Search code examples
rstringmedianstatistical-test

Replace strings of numbers separated by commas with the median in R


I need help with replacing or extracting string of numbers, separated by comma in each element of my df, and replacing it with the median. For example,

a <- c("3, 3, 5, 5", "7, 7, 5, 5", "3, 4, 4, 5", "5, 7")
b <- c("Karina", "Eva", "Jake", "Ana")
df <- data.frame(b,a)

Now i need to replace variable a with the median of those numbers contained in each elements so it looks like below:

        b    a
1 Karina     4
2 Eva        6
3 Jake       4
4 Ana        6

Little bit background. Each number is actually a length of a word that belongs to the corresponding name. I need to find median length for each name and figure out whether names that start with a vowel have longer median length or not. So for example, from the above i will conclude that names that start with vowel have shorted length. And to use a test to show that it is statistically significant.
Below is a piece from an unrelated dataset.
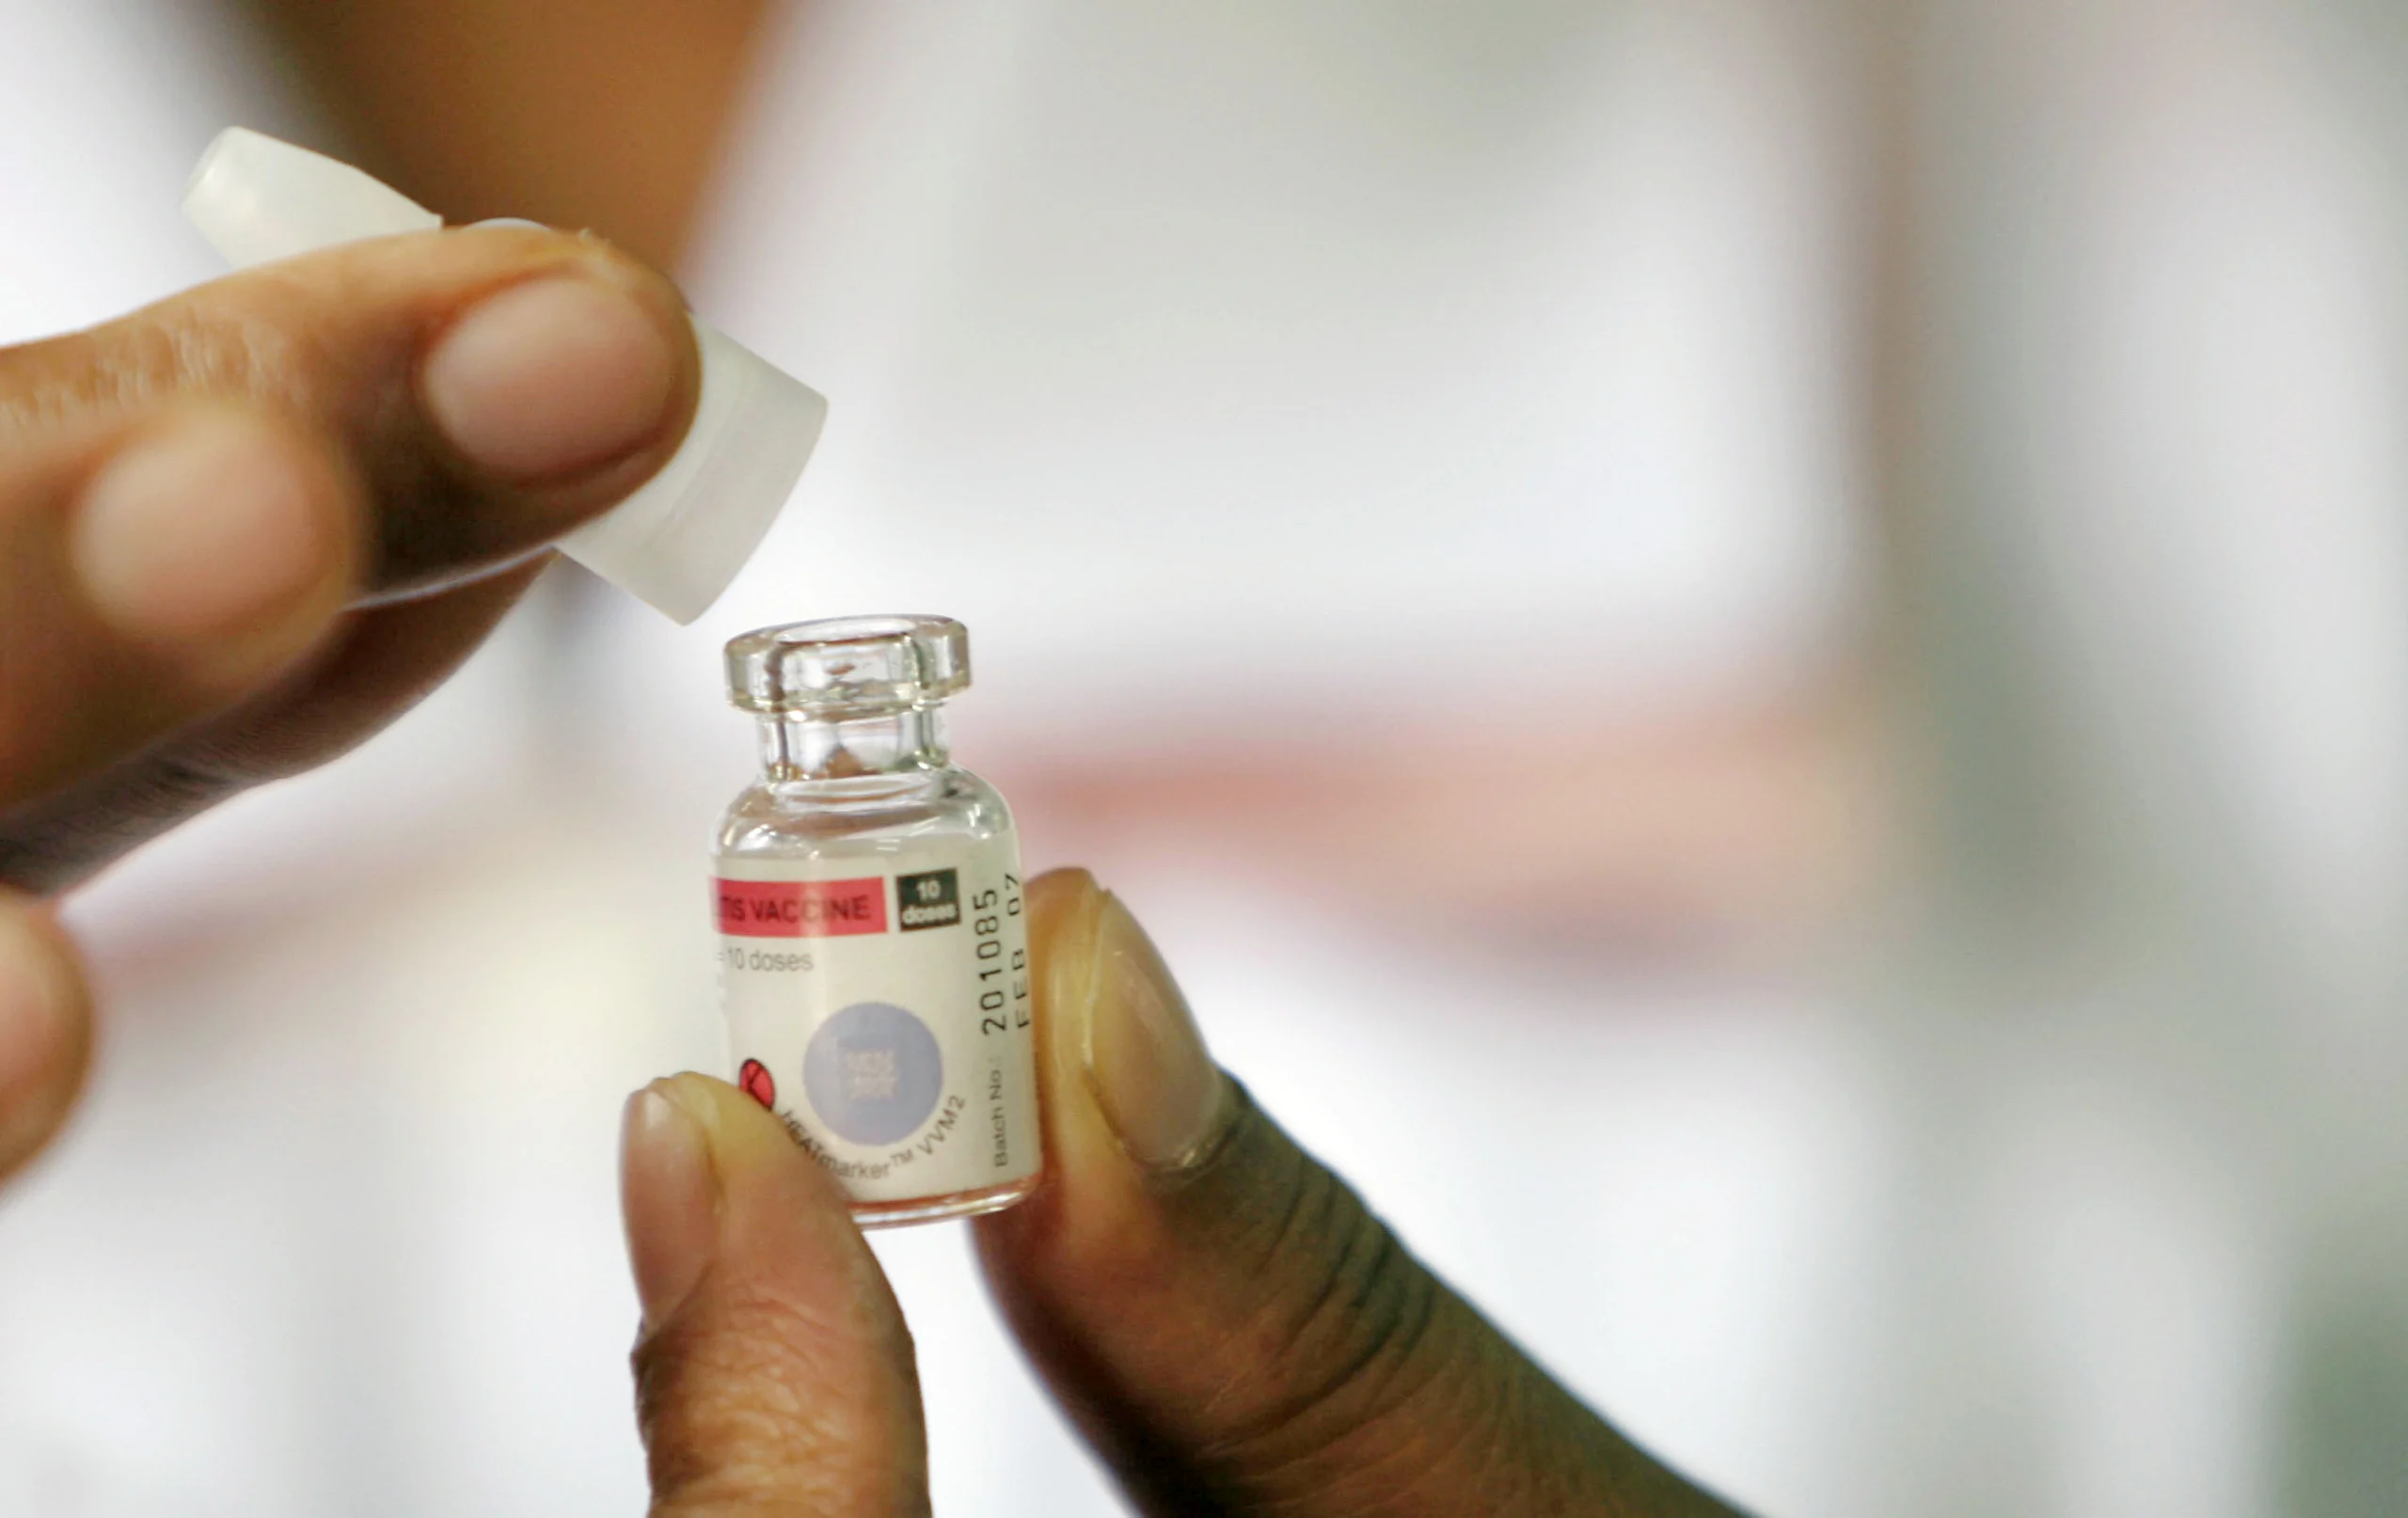 Registran el primer caso natural de poliomielitis en EE. UU. desde 1979

If someone can guide me in any way, i really appreciate it!


Solution

  • We can split the 'a' column with strsplit on , followed by zero or more spaces (\\s*), loop over the list, convert to numeric and get the median, assign it to same column

    df$a <- sapply(strsplit(df$a, ",\\s*"), function(x) median(as.numeric(x)))
    df$a
    #[1] 4 6 4 6
    

    Or using tidyverse, we can use separate_rows to split the 'a' column and expand the rows while converting the type', then do a group by median

    library(dplyr)
    library(tidyr)
    df %>% 
         separate_rows(a, convert = TRUE) %>%
         group_by(b) %>% 
         summarise(a = median(a))